Discussion:
The increasing armamentarium of pharmacological agents has resulted in a multifactorial fusillade of effects within the gastrointestinal and cutaneous systems. The small intestine is the most common site of adverse drug reaction due to the delicate balance between the enteric and central nervous system1. Often there is a temporal relationship between the drug ingestion and onset of symptoms, but this can sometimes manifest inconsistently and unpredictably1,2. Very few cases of ARB induced sprue-like enteropathy, other than olmesartan, have been reported. There has only been one reported case with cutaneous manifestations and ARB induced sprue-like enteropathy. There have been several case reports and cohort studies over the last decade which have demonstrated a sprue-like enteropathy presenting with abdominal pain, chronic diarrhea, and weight loss in association with ARB use1,2. In 2016, Hammoudi et al published the first case of olmesartan induced enteropathy with ‘papulo-erythematous lesions and scabs’ with full resolution within a week following cessation of the medication3. The pathophysiology of ARB induced sprue-like enteropathy is currently unknown with even less understood regarding the connection to a cutaneous manifestation. However, the punch biopsy and duodenal samples did demonstrate findings consistent with drug eruption, and after months of symptoms, a few hospitalizations, and several failed therapies, the treatment that ended up improving her condition was discontinuation of the losartan.

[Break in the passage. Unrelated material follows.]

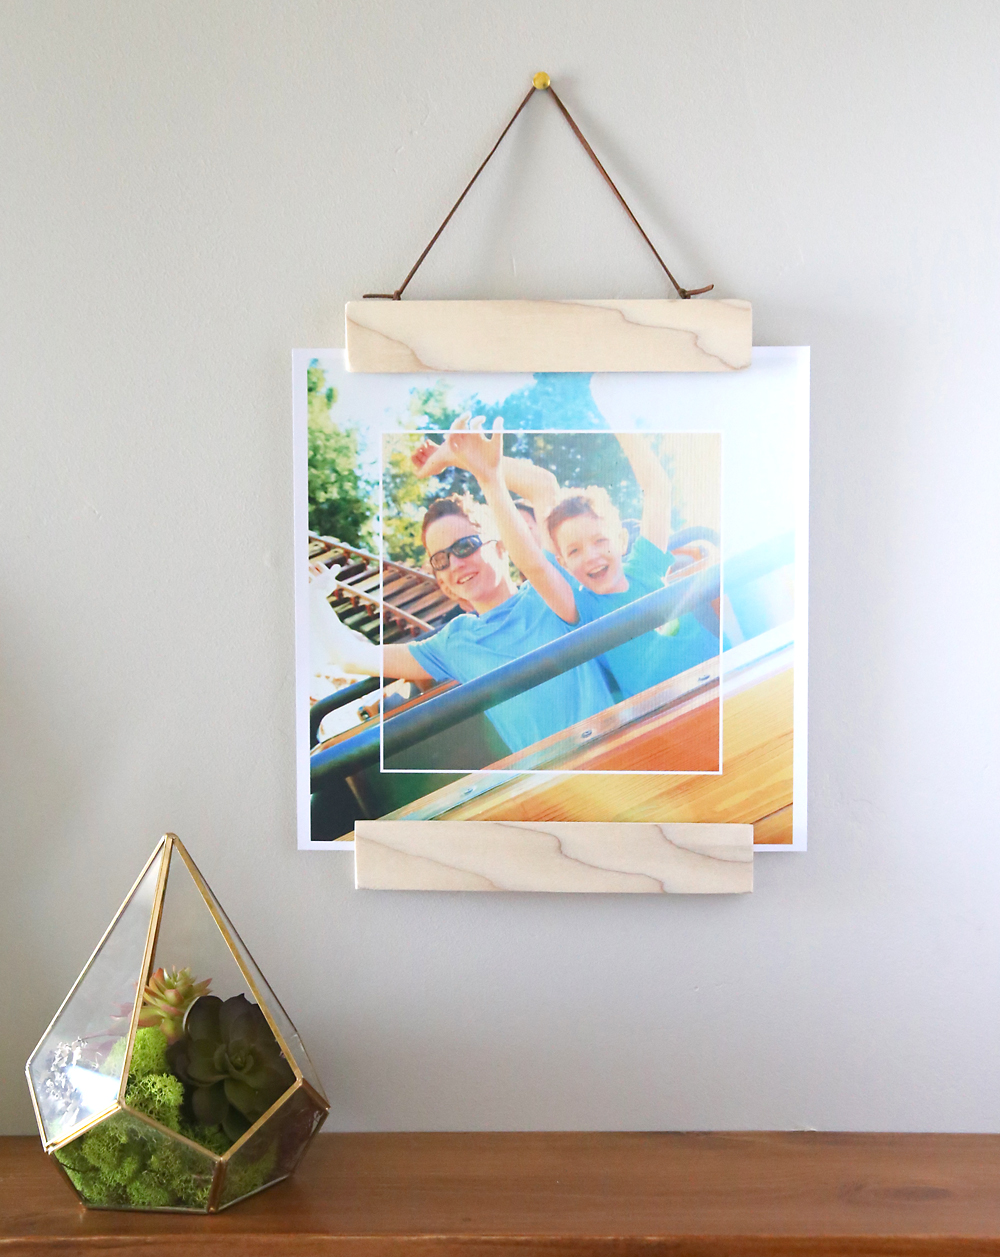 Learn how to make this DIY modern wood + magnet hanging photo frame - it's really easy to make and super easy to swap out photos! Also, learn how to add an effects collage to your photos with Photoshop Elements 15.

Several studies have demonstrated that many of the common pathogenic pathways seen in celiac disease are also present within that of ARB induced sprue-like enteropathy. There is an increased number of CD8+ positive T cells, and granzyme positive B cells resulting in destruction of the lamina propria and epithelial layer2,5,6. Previous studies have demonstrated an increased number of CD8+ positive T cells which express interleukin 15 and 15R resulting in the disruption of tight junction complexes such as in refractory celiac sprue1. Given some of the known histopathology overlap observed in celiac disease and ARB induced sprue-like enteropathy, a cutaneous manifestation is not unexpected, although the cutaneous manifestations may differ. Celiac disease is associated with dermatitis herpetiformis whereas ARB induced sprue enteropathy may cause ulcerative lesions5,6. Our case of losartan induced enteropathy further suggests that sprue-like enteropathy with cutaneous manifestations may be a unique but rare class effect of ARBs and should be considered when evaluating patients with similar clinical findings.